Clinical development of systemically administered and inhaled single-stranded oligonucleotide-based drugs (e.g., RNAse H-dependent antisense) has focused on simple solutions, so-called gymnotic delivery. However, the dose levels required to achieve efficacy are relatively high. GSK’s experience for inhaled double-stranded small interfering RNAs (siRNAs) suggests that novel delivery agents will be required to achieve meaningful target gene knockdown in the lungs with this class of oligonucleotide-based drugs, although this view is not universal. Similarly, many of the siRNAs in clinical development for indications requiring systemic administration are using delivery agents. The use of delivery agents, such as liposomes or nanoparticles, adds another layer of complexity to development and brings its own safety challenges. Based on experience with systemically administered formulated oligonucleotide-based drugs, dose-limiting toxicities are likely to be primarily associated with the delivery agent rather than the oligonucleotide-based drugs’ payload. Thus, the challenge is to identify a delivery agent that is both efficacious and well tolerated, to ensure a therapeutic index more favorable than that seen with gymnotic delivery.
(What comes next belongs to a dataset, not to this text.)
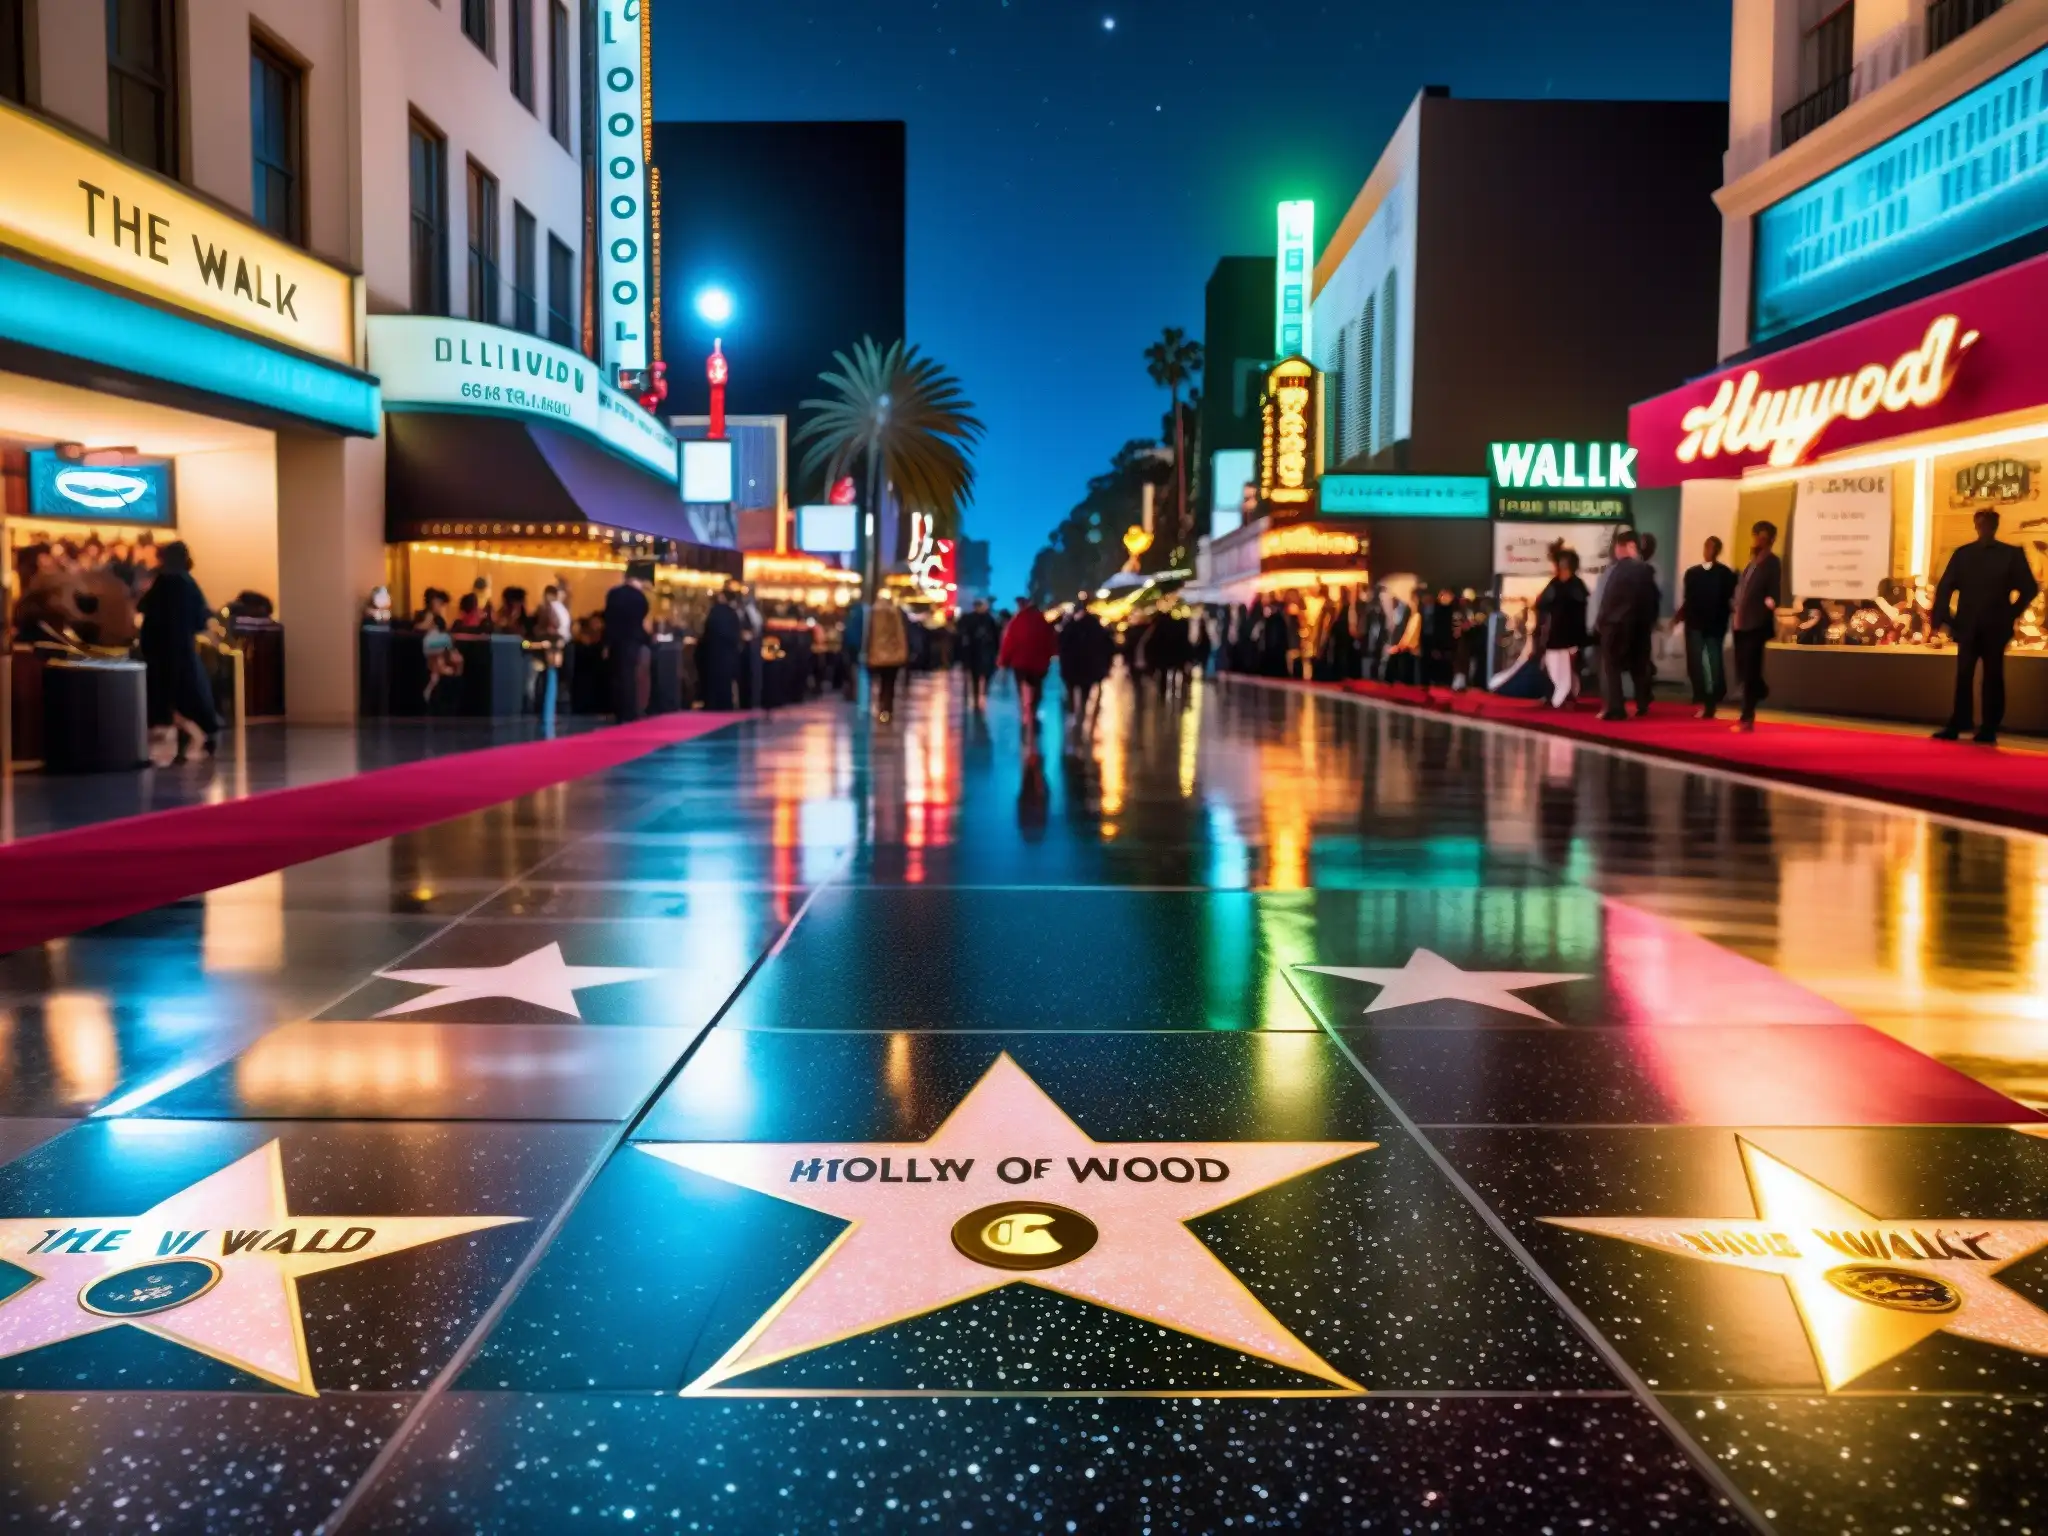 Imagen nocturna de la concurrida Hollywood Walk of Fame, con estrellas iluminadas por luces de la ciudad

There are a number of opportunities to characterize key class toxicities early in the discovery phase to allow early deselection of lead oligonucleotide-based drugs with less favorable safety profiles for systemic and inhaled administration. An overview of early safety screens typically employed to characterize systemically administered oligonucleotide-based drugs, along with an outline of GSK’s R&D strategy to achieve this for inhaled oligonucleotide-based drugs, will be given.

Michaela Sharpe, Drug Safety Research and Development, Pfizer Ltd, Sandwich, UK

Stem cell therapies have the potential to establish a new clinical paradigm for the treatment of inflammatory diseases, and pressures are building to accelerate their development. But with new classes of therapy come new challenges for establishing safety. Although there are three classes of stem cell lines currently being used in the development of stem cell therapies, embryonic stem cell lines, induced pluripotent stem cell lines, and adult stem cell (ASC) lines, it is ASC therapies and in particular mesenchymal stem cell (MSC) therapies that are predominantly being developed and trialed as therapies for inflammatory conditions. MSCs were originally considered for therapy based on their multilineage differentiation capacity, but more recently, the focus has shifted to exploring the ability of MSCs to exert their biological function through tropic mechanisms, and the majority of clinical studies on the utility of stem cell therapies for the treatment of inflammatory conditions have used the immunomodulatory characteristics of MSCs.

The safety profile of a stem cell therapy depends on many factors, including the type of cell therapy, the differentiation status and proliferation capacity of the cells, the route and/or site of administration, the long-term survival of the product and/or engraftment, the need for repeated administration, the disease to be treated, and the age of the population. Potential risks include tumor formation, unwanted immune responses, and the risk of biodistribution and ectopic engraftment. Overall, stem cell therapies represent a great hope for many diseases, but a thorough evaluation of the potential risks is essential before wider clinical application.